Aditya Birla Sun Life Mutual Fund has launched 2 new fund offers, Aditya Birla Sun Life US Treasury 1-3 Year Bond ETFs Fund of Funds and Aditya Birla Sun Life US Treasury 3-10 Year Bond ETFs Fund of Funds. These open-ended funds of funds invest in units of ETFs focusing on US Treasury Bonds with maturities between 1-3 years and 3-10 years, respectively. The 2 New Fund Offers (NFO) will be open for subscription from October 16, 2023 to October 30, 2023.
The FED funds rate is at a multi-decade high and the potential for rate cuts in 2024 has created an attractive investment opportunity in US government-grade debt. The difference between India and US sovereign rates at a decadal low also provides a great opportunity to invest in US treasuries.
Aditya Birla Sun Life US Treasury 1-3 Year Bond ETFs Fund of Funds is suitable for investors with shorter investment horizon and who are relatively risk averse. The benefits include higher absolute yield, lower volatility and duration risk and an opportunity to earn capital gains.
Aditya Birla Sun Life US Treasury 3-10 Year Bond ETFs Fund of Funds is suitable for investors with long term investment horizon and who have a higher risk profile. The benefits include locking in higher yield for long-term, adding duration to portfolio and an opportunity to earn capital gains.
NR has mostly depreciated against the USD over the past 15 years. Hence holding exposure in USD can be a good hedge against the depreciating INR. US Treasuries, backed by the US government, provide stability, high current yields, and risk diversification for Indian investors. To enter the US Treasury market, consider investing through Fund of Fund. This route is superior to the traditional Liberalised Remittance Scheme (LRS) mode of investing in the US market due to the non-applicability of Tax Collected at Source (TCS) and the absence of capping value.
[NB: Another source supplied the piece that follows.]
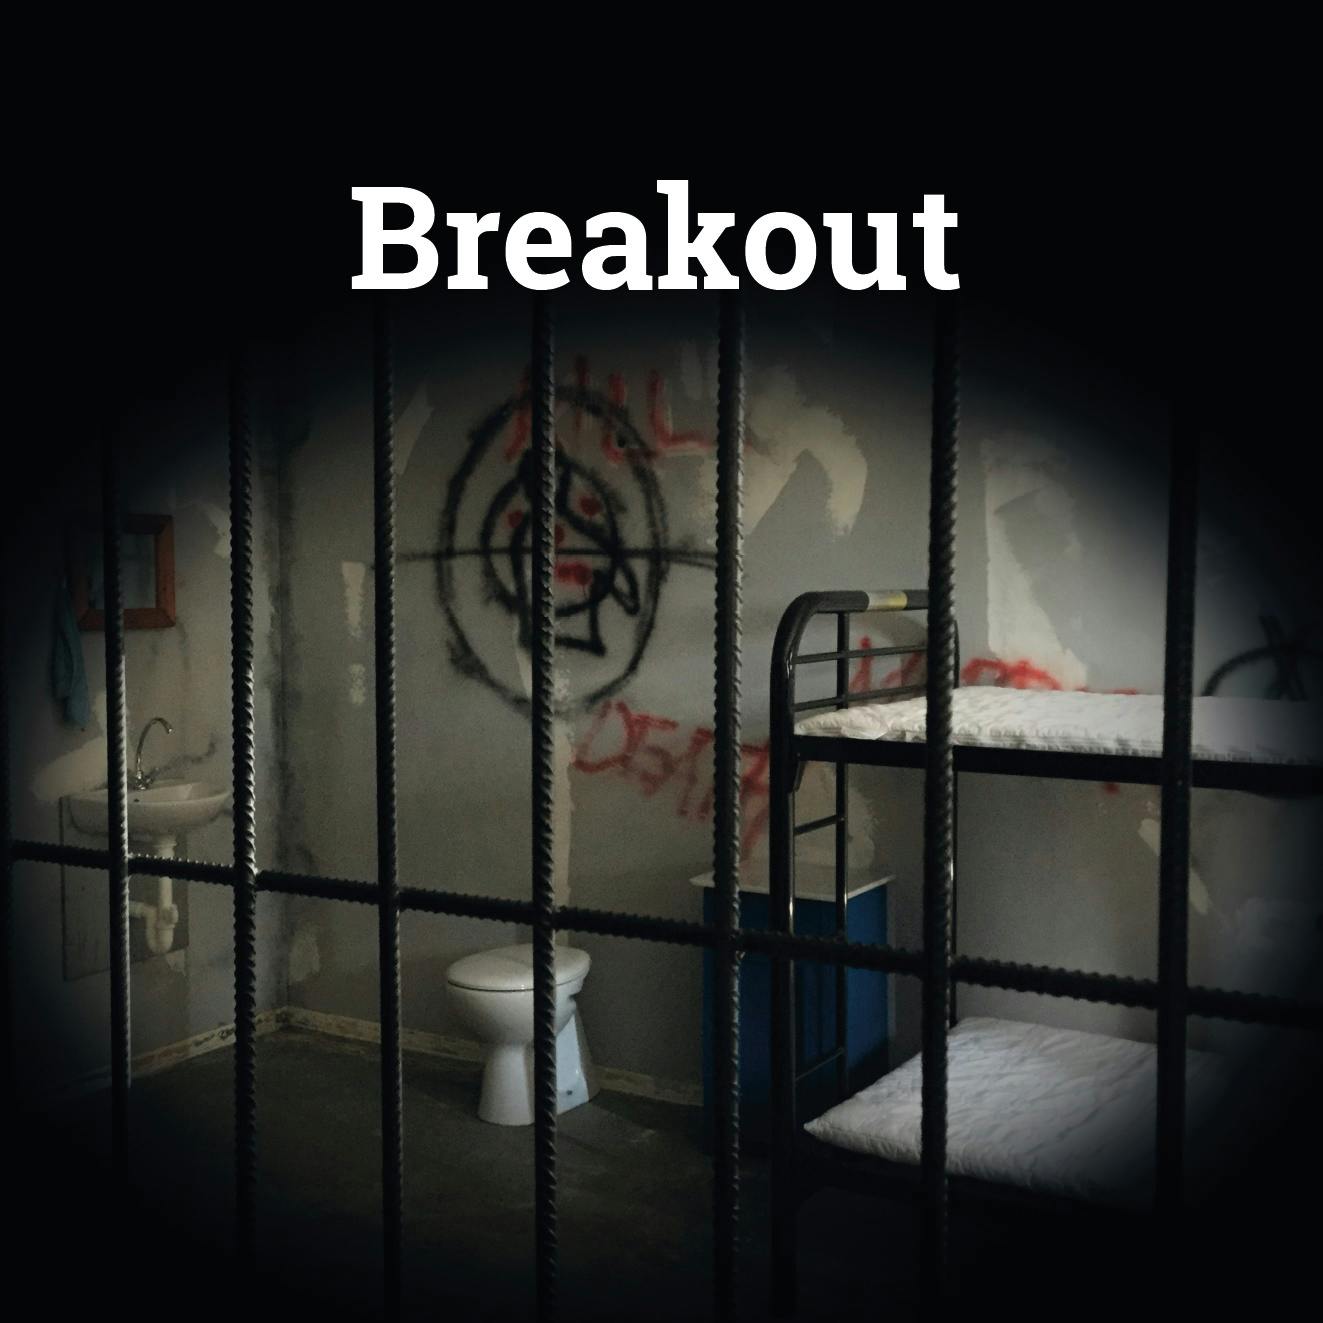 Escape Room game "Breakout" in Saarbrücken Musement

Commenting on the new fund offers, A. Balasubramanian, Managing Director & CEO, Aditya Birla Sun Life AMC Ltd, said, “Our new passive offerings present an opportunity for investors to potentially earn higher returns, gain currency diversity, and access a trusted treasury market. It enables the investor to tap into the unique opportunity arising from a temporary yield curve dislocation in one of world’s largest debt markets. At ABSLAMC, we always strive to offer innovative solutions that suit our investors’ changing needs.”